Terry came into my sights slowly, first as the perpetrator of In C, then as a minimalist composer, as a disciple of Pandit Pran Nath, a guru-bai, a mentor, and a big brother. As with a big brother, our jousting is serious and trusting; he never fails to illuminate me, and I think he’s a walking saint. The best thing about his music, in a large pasture of best things, is the way it keeps changing and integrating with its own history. He uses always the structures of the minimalism he is credited with founding, but he has gone far beyond anything that could be called minimalism into a nameless category of constant uncovering.

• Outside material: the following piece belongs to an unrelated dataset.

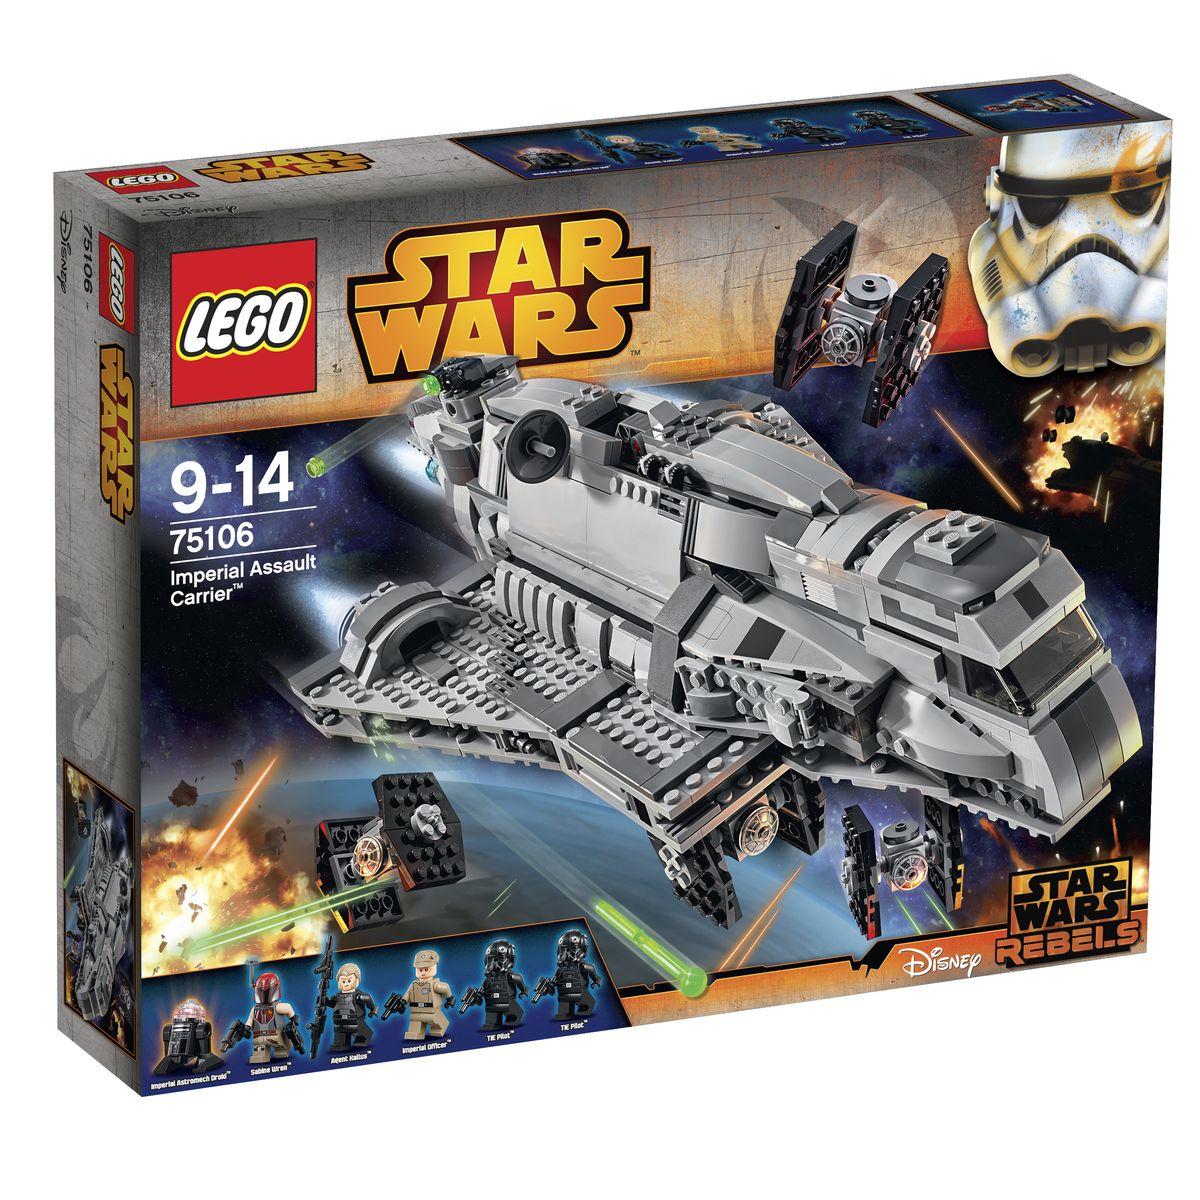 LEGO Star Wars Конструктор Имперский десантный корабль 7510675106Имперский авианосец является чем-то средним между транспортным и боевым кораблем. Его можно встретить даже в самых удаленных уголках Галактики, так как из-за сравнительно невысокой стоимости и возможности модернизации его могли себе позволить не только имперские лидеры, но и частные перевозчики и даже пираты. Из деталей набора LEGO 75106 вы сможете построить реалистичную модель десантного корабля с множеством активных функций. Его вытянутый корпус покрыт бронированными пластинами серого цвета. Спереди располагается кабина пилота, окруженная тонированным стеклом с хорошим обзором. Подняв часть крыши, можно заглянуть внутрь кабины и рассмотреть приборную панель с рычагами управления. Центральную часть корабля занимает вместительный грузовой отсек. Благодаря съемным панелям, образующим стены и крышу, можно рассмотреть его детализированный интерьер, а также разместить внутри мини фигурки, оружие и дополнительное оборудование. Также в грузовом отсеке установлен специальный держатель,...

One morning after an overnight stay of the Rileys at the Mathieus, (Terry and wife Anne in the guestroom, twenty-year-old son Gyan in the music studio up the hill), Terry and I decided to wake the slumbering Gyan with a little surreptitious piano duet. Softly at first, as if to emerge from Gyan’s early-light dreams, we played on the Steinway, interlocking our hands so: Terry’s left, then my left, then Terry’s right, then my right, with much switching and frond-like waving about. Gyan woke up smiling, and Terry and I thought to play some concerts of such music, and record some duets. Such interlocking of hands produced Moonshine Oracle (1) and Felt Up (8) — named for the cloth used to damp the strings. For Scherzoid (14), Terry plays inside the piano with percussion mallets. In Guru-ji’s Procession (17), I pluck the strings, and Terry plays the damped piano; later I overdubbed an undamped keyboard part.

The Russet-backed Thrushes Who Live by the Creek

In the early 80s, Devi and I began to notice, around early April, the arrival of a silvery sound along the creek bordering our land. It was birdsong unlike any we’d ever heard: ascending, striated spirals, rapid and increasingly complex until they slip beyond human hearing, sending a supersonic ripple through the inner ear. I suspected the songs had tonal content, but in real-time I couldn’t be sure — they were too fast and too high. In 1986, I asked my longtime friend and sound engineer Joe Hoffmann to help me record some choice examples. When we slowed the tapes down to one-quarter speed (four times longer and two octaves lower), not only were my suspicions confirmed, I was astonished to hear birdsong of such raga-like organization and musicality. The beginning of the song, outlining the overtones of the bird’s anatomy, sounds nearly like a North Indian flute, rising and falling in swoops. Then, in an amazing moment, the bird’s syrinx splits, and the dizzying ascent is completed in a flourish of parallel sixths. To make Slow Motion Thrush (16), I chose about a dozen calls from various birds, spliced a sequence together, transcribed it all into music notation (replete with a cow playing tuba) and added my piano part. Devi and I have now had over twenty seasons of deep listening to the little community of thrushes that arrives each spring; we even think we can recognize certain virtuosi from the year before. The thrushes’ songs, subtly changing over the years, are a silver thread woven through our lives, and have become a sonic bond with the place we live.